The Lapse of Time
I'll start with a quote from Silas Marner, a novel by George Eliot, that is especially apt for the current economic situation and the mass investors' psychology:
The sense of security more frequently springs from habit than from conviction, and for this reason, it often subsists after such a change in the conditions as might have been expected to suggest alarm. The lapse of time during which a given event has not happened is, in this logic of habit, constantly alleged as a reason why the event should never happen, even when the lapse of time is precisely the added condition which makes the event imminent.
In the most recent issue (Week of September 20) of Barron's Financial Weekly's Q&A session, when Sandra Ward asked why his prediction of "financial disaster" still hasn't panned out after two years, the former Capital Research & Management portfolio counselor, David Richards, gave the above quote as the reply. Indeed, gold, silver, and the mining stocks are still down. Both presidential candidates have been more or less ignoring the important issues, in particular, the fiscal issues. And pink, a rosy color psychologically associated with complacency and escapism, is back (just check out your local mall).
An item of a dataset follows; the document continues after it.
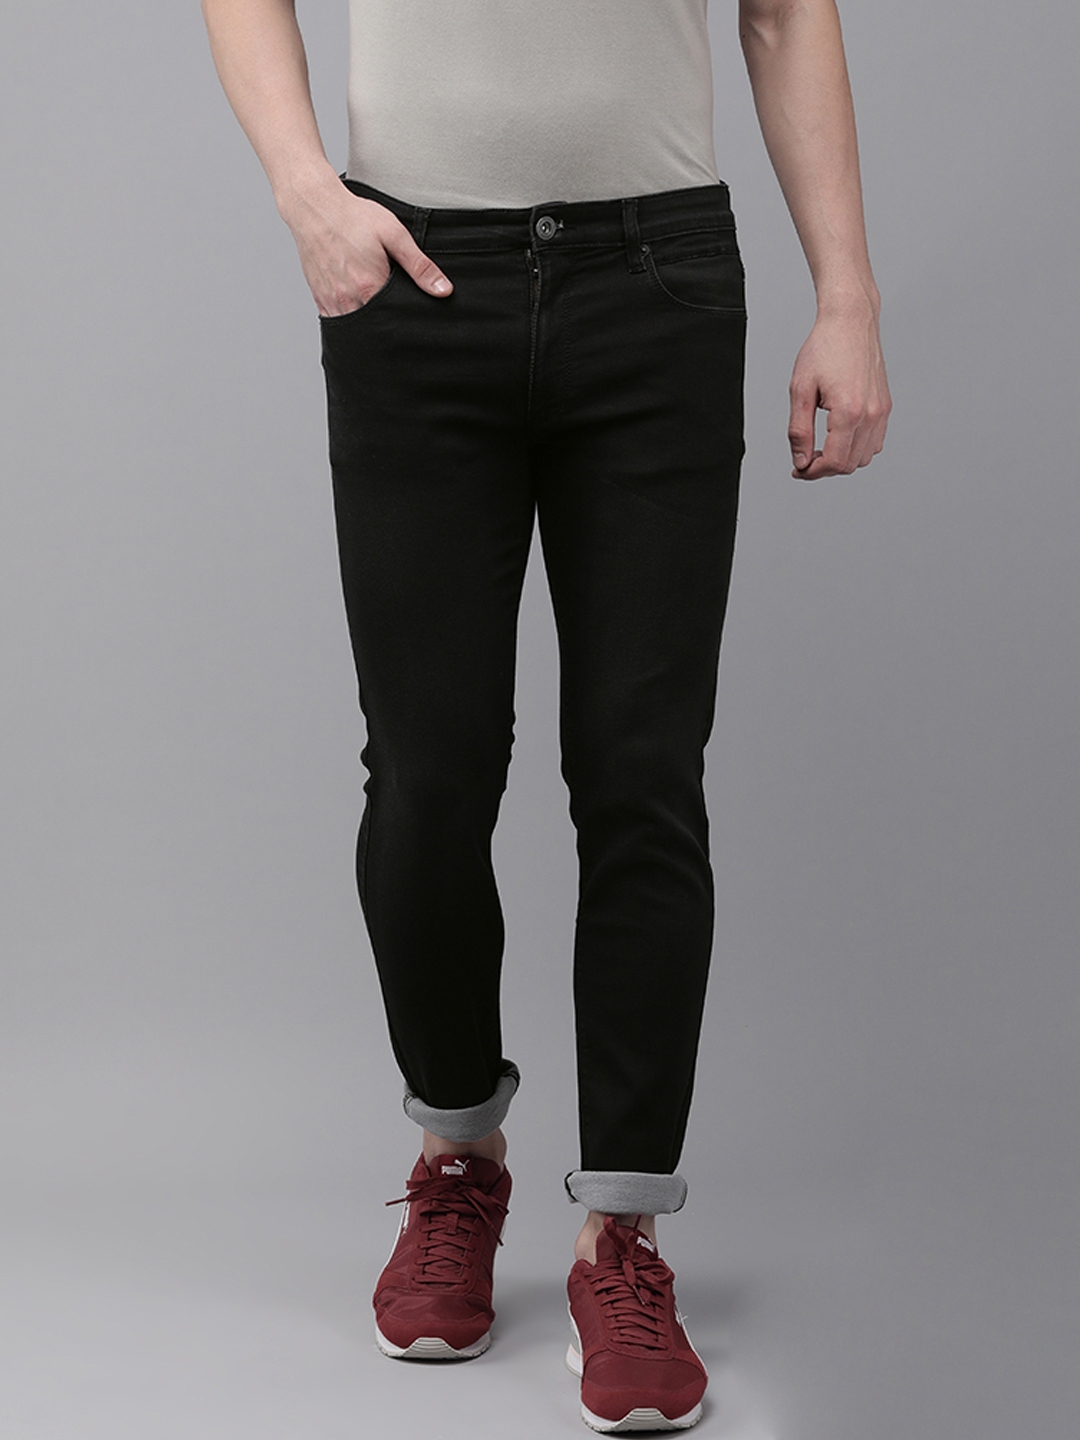 Buy BEAT LONDON By PEPE JEANS Men CHRIS CHINOX Black Stretchable Jeans ...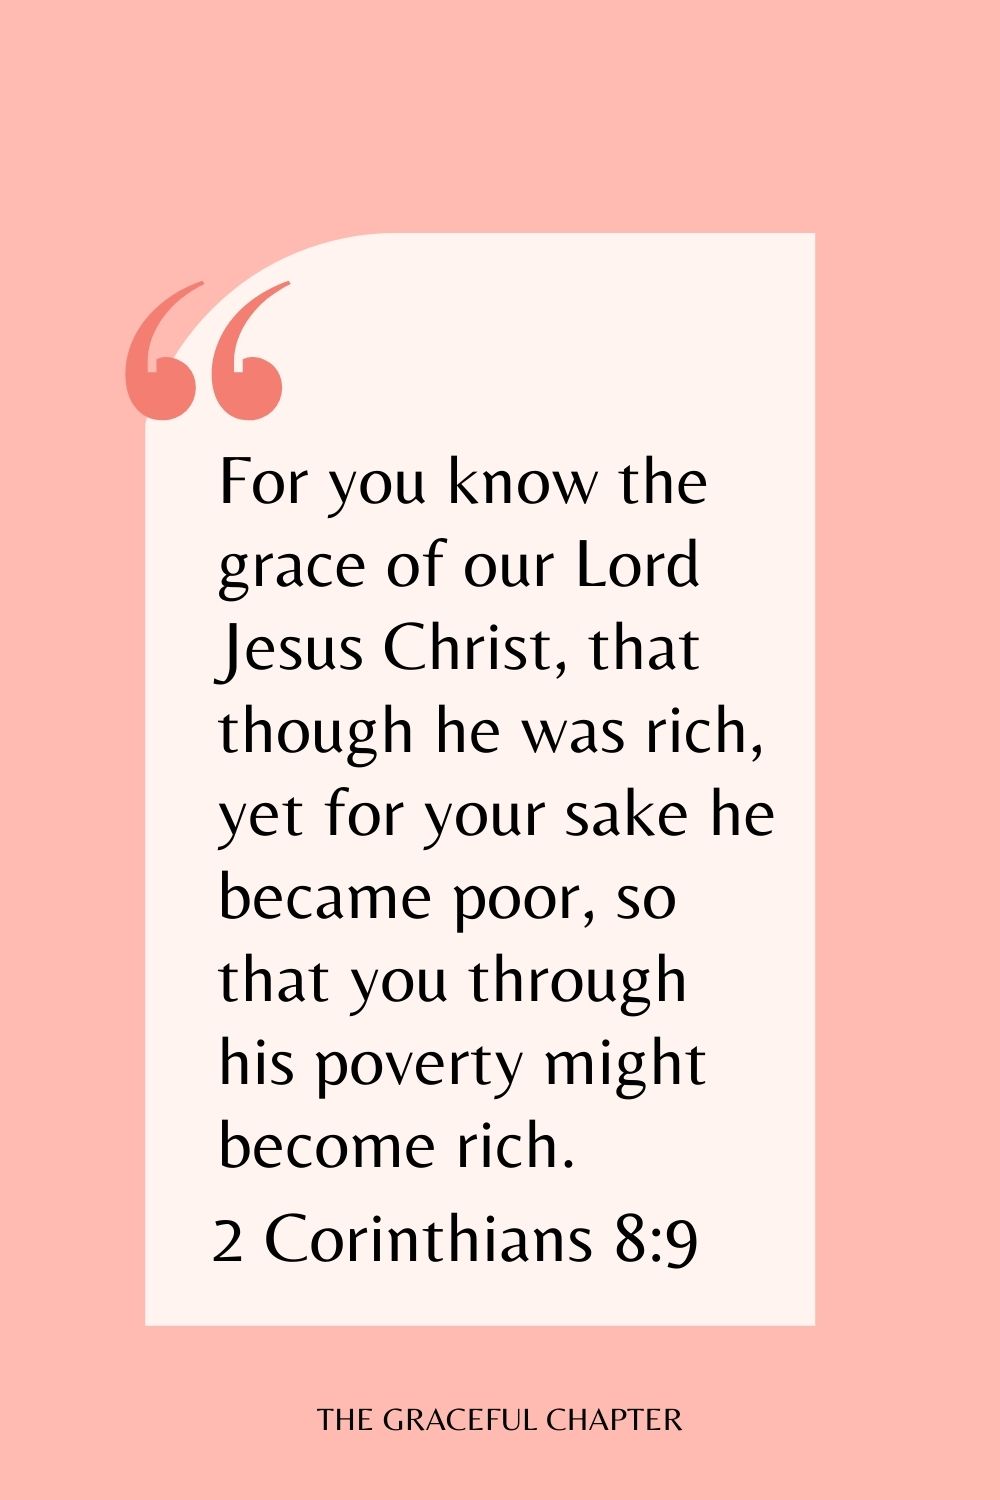 For you know the grace of our Lord Jesus Christ, that though he was rich, yet for your sake he became poor, so that you through his poverty might become rich. 2 Corinthians 8:9

In my August 2nd "Silver and the US Dollar," I had expressed my agreement with Brian Bloom's thesis of many financial markets being manipulated, or "managed" in polite terms. I also agreed the vastness of global central bankers' combined power; and that such power should not be taken lightly. As a result, both technical and fundamental analysis may temporarily be futile, that is, until the manipulation is broken or, at least loosen up.
I went on to conclude the article by suggesting a "deflation scare" silver play that is based on housing bubble. I wrote:
The housing bubble is becoming a popular topic again. My guess is that somewhere in the near future, there may be a "deflation scare." However, a monetary system central bank with paper fiat money, which is what we have now all over the world, deflation can never occur. Only more and more inflation (please see Ed Bugos' "Inflation versus Deflation").
Central bank may use this "deflation scare" (from the puncture of housing and mortgage bubbles) to prop the Dollar and suppress silver and gold price. For those who don't have a silver position, this down leg is a good opportunity to build a position. As for those who already own silver and/or silver stocks. This is also a good opportunity for planned addition.
Just last week, both the Fortune ("Is the Housing Boom Over?" in September 20th issue) and the Economist ("The sun also sets" in September 11th issue) magazines had published articles discussing the housing bubble again. And since early August, silver had taken a fall in price, such that the price level is lower than August 2nd at this point:
To be exact, almost all the price declines occurred within the first six trading days of September. Both the Fortune and the Economist real estate articles hit my local library on Friday the tenth (as indicated by the arrow). I bought some silver around $6.15 spot. (Note that the above chart is futures prices, spot prices are generally slightly lower, though commissions are higher than futures trading.) I hope you took advantage of my August 2nd recommendation and picked up some physical silver.
Although "timing" is an extremely difficult, 33-trillion-dollar1 question, I will take a guess that the puncturing of the real estate bubble maybe the beginning of the end for all manipulation by the banking establishment. Before I go on to explain the reasons, please note that the "timing" is only a guess.
The housing market in general is much more difficult to manipulate. For one thing, there are no "paper" real estate derivatives available. The bullion banks can use futures, options, and OTC derivative contracts to suppress gold and silver prices. The federal reserve can intervene, or at least influence, the bond and stock markets through discount rate management, direct purchase of long bonds, and purchase of stock futures through market agents. The size (in multi-trillion dollar range), complexity (unlike stocks and bonds, real estate properties are not fungible), and lack of paper derivatives are just too many obstacles for the banking establishment to directly or indirectly purchase real estate properties for the purposes of targeting asset prices. Compounding to these obstacles is the evidence of bubbles forming in this sector throughout many countries:
Calculations by The Economist show that home prices are now at record levels in relation to average incomes in America, Australia, Britain, France, Ireland, the Netherlands, New Zealand and Spain; on current trends, Italy will join this group by the end of the year. In other words, houses are more overvalued today than at previous peaks, from which prices typically fell sharply in real terms. Add in China and South Africa, and two-thirds (by economic weight) of the world that we track now has a potential housing bubble. [from "The sun also sets"]
The puncturing of housing bubble may well be the fuse that detonates all other bubbles. The manipulation of all other markets may begin to end with the inability of the global central banking establishment to prop up the real estate market. If this is the case, that is, if my guess is correct, then now may be a good time and possibly the last chance for you to accumulate physical silver or your favorite silver stock(s).
P.S. I had received an e-mail expressing skepticism about my claim that deflation cannot happen under a central bank with fiat money. I will write about why I think monetary deflation is much less likely to occur (at least for now) than monetary inflation in a future article, and how the dynamic relates to the fundamentals of the silver market.
1 World bond market is approximately 33 trillion dollars which, of course, are all based on paper fiat and therefore likely to go into precious metals in the case of hyperinflation or mass default from economic depression.